The other day, I received a comment from Naperville, Illinois Home Inspector Carol Fisher to a recent post on how long inspectors need to hold on to inspection reports.

Carol, who posed the original question, wrote: “The answer you gave is safe.  Of course I would save my digital reports, but some of us have been out there in the dinosaur era when they weren’t digital. Plus even today I still have paper relative to each report that I still need to keep even if the inspection report is digital. I have 21 years of reports and I would like to get rid of some of them. There must be some limit of liability to this industry or case law that would help in validating a time frame.”

Point taken. I confess that, in responding to Carol’s original question, I hadn’t even considered that the legion of home inspection pioneers who created this industry generated their reports the old-fashioned analog way. I’ll try to rectify that oversight with this post.

As I have repeatedly pointed out on this site and in home inspector training seminars, claims that are made against home inspectors almost never have any validity. And the proof of that can generally be found in the inspection report itself. It is the inspection report that is of inestimable help to me in responding to claims on behalf of home inspectors. So hanging on to them for some length of time is a matter of considerable self-interest.

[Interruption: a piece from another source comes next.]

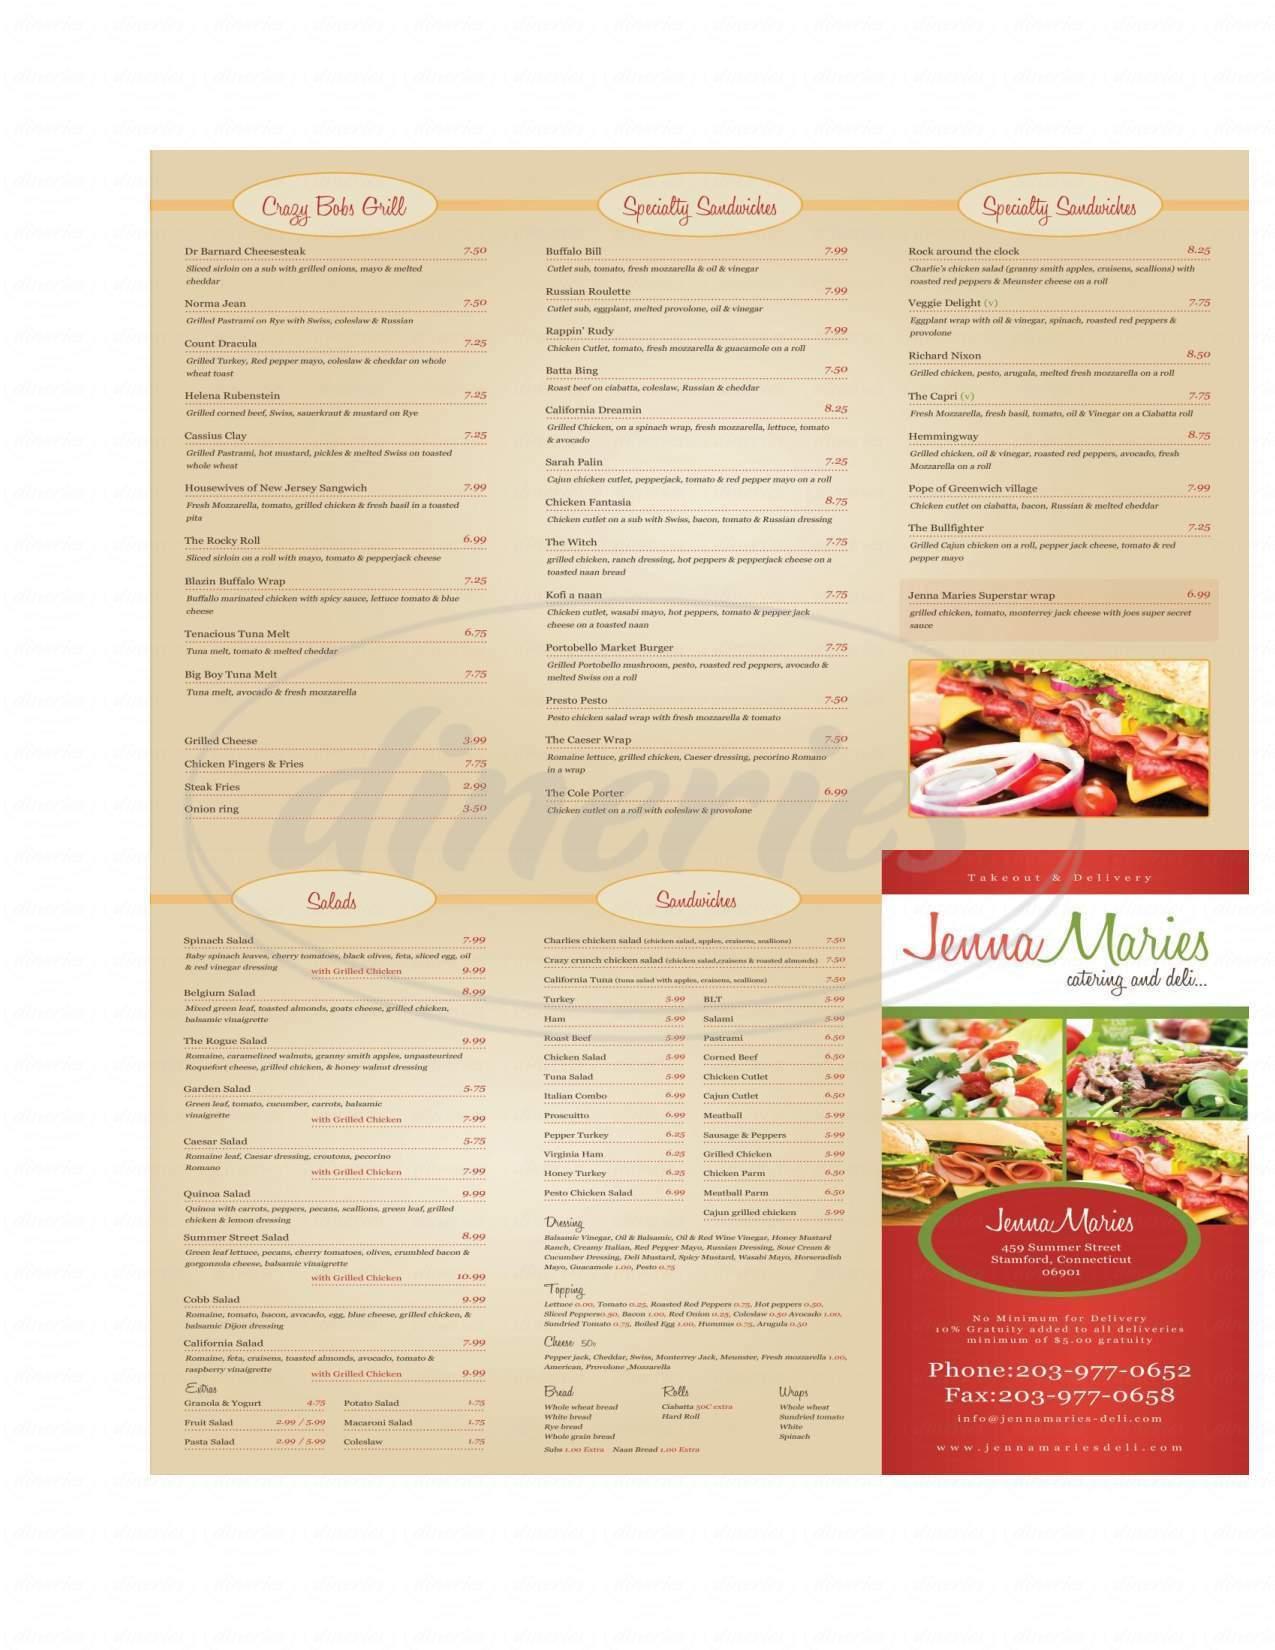 menu for Jenna Marie's Deli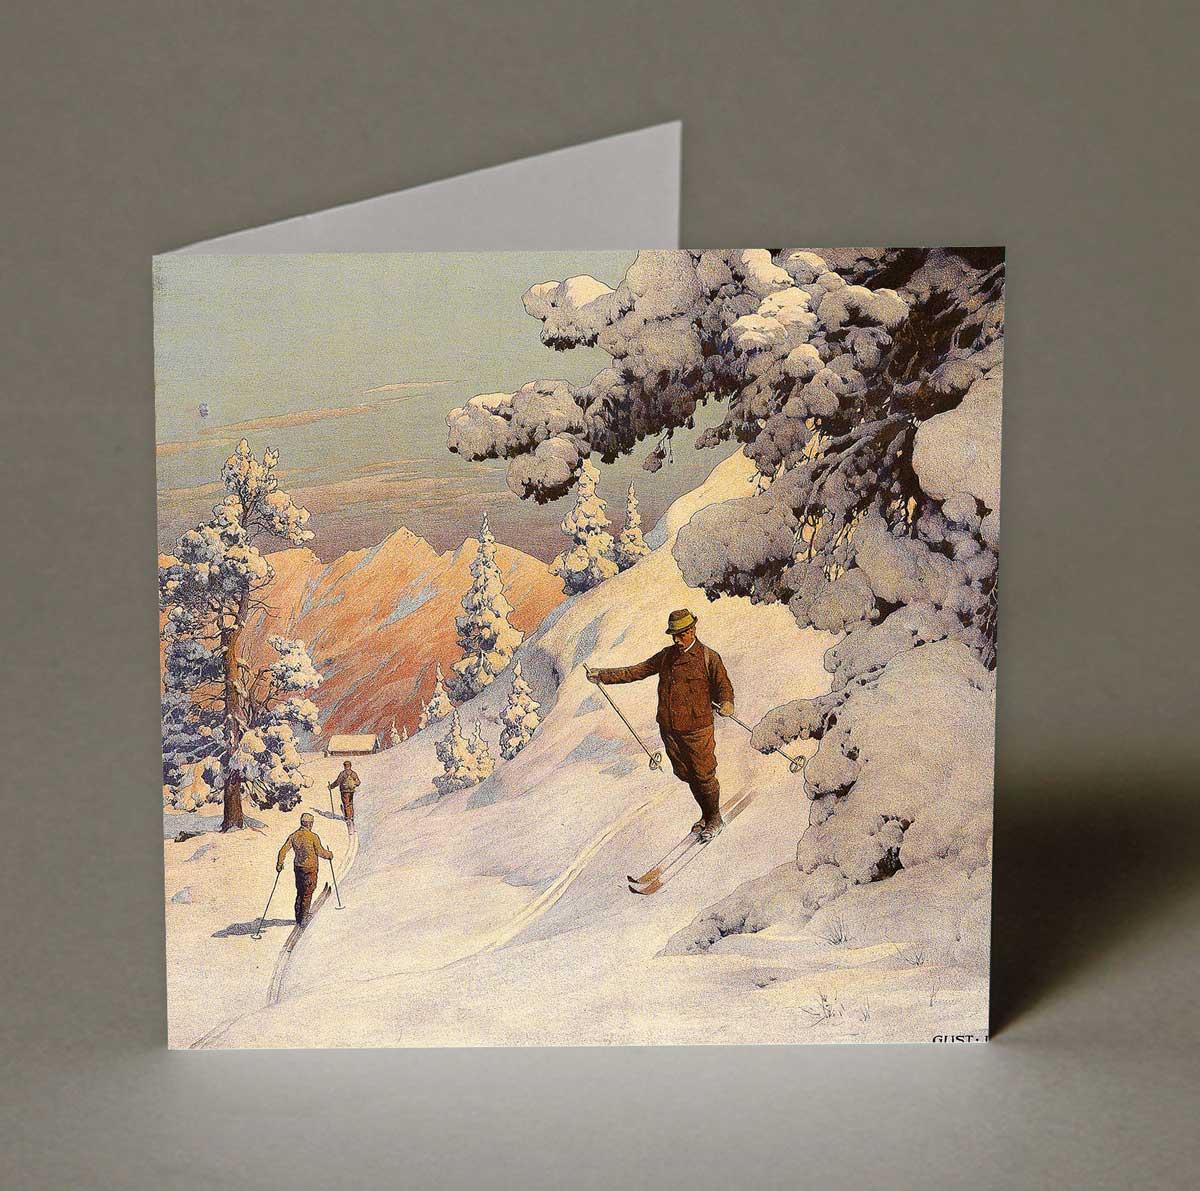 Edwardian Skiers Christmas Cards

But how long do you really need to keep them?

I recently wrote that sixty percent of all home inspection claims are made within one year of the inspection and ninety percent are made within two years. You can well imagine how valid a claim could possibly be if the issue is not discovered for more than two years.

I also wrote that inspectors should contractually limit to one year the time in which a client can present a claim or be forever barred from doing so, thus avoiding forty percent of all potential claims.

Additionally, the statute of limitations on tort claims in most jurisdictions is two years.

So for the dinosaurs in my readership, you can probably safely jettison analog reports that are older than three years without much to fear.

Digital hipsters, for whom storage space should not be an issue, should follow my original advice and hold them forever.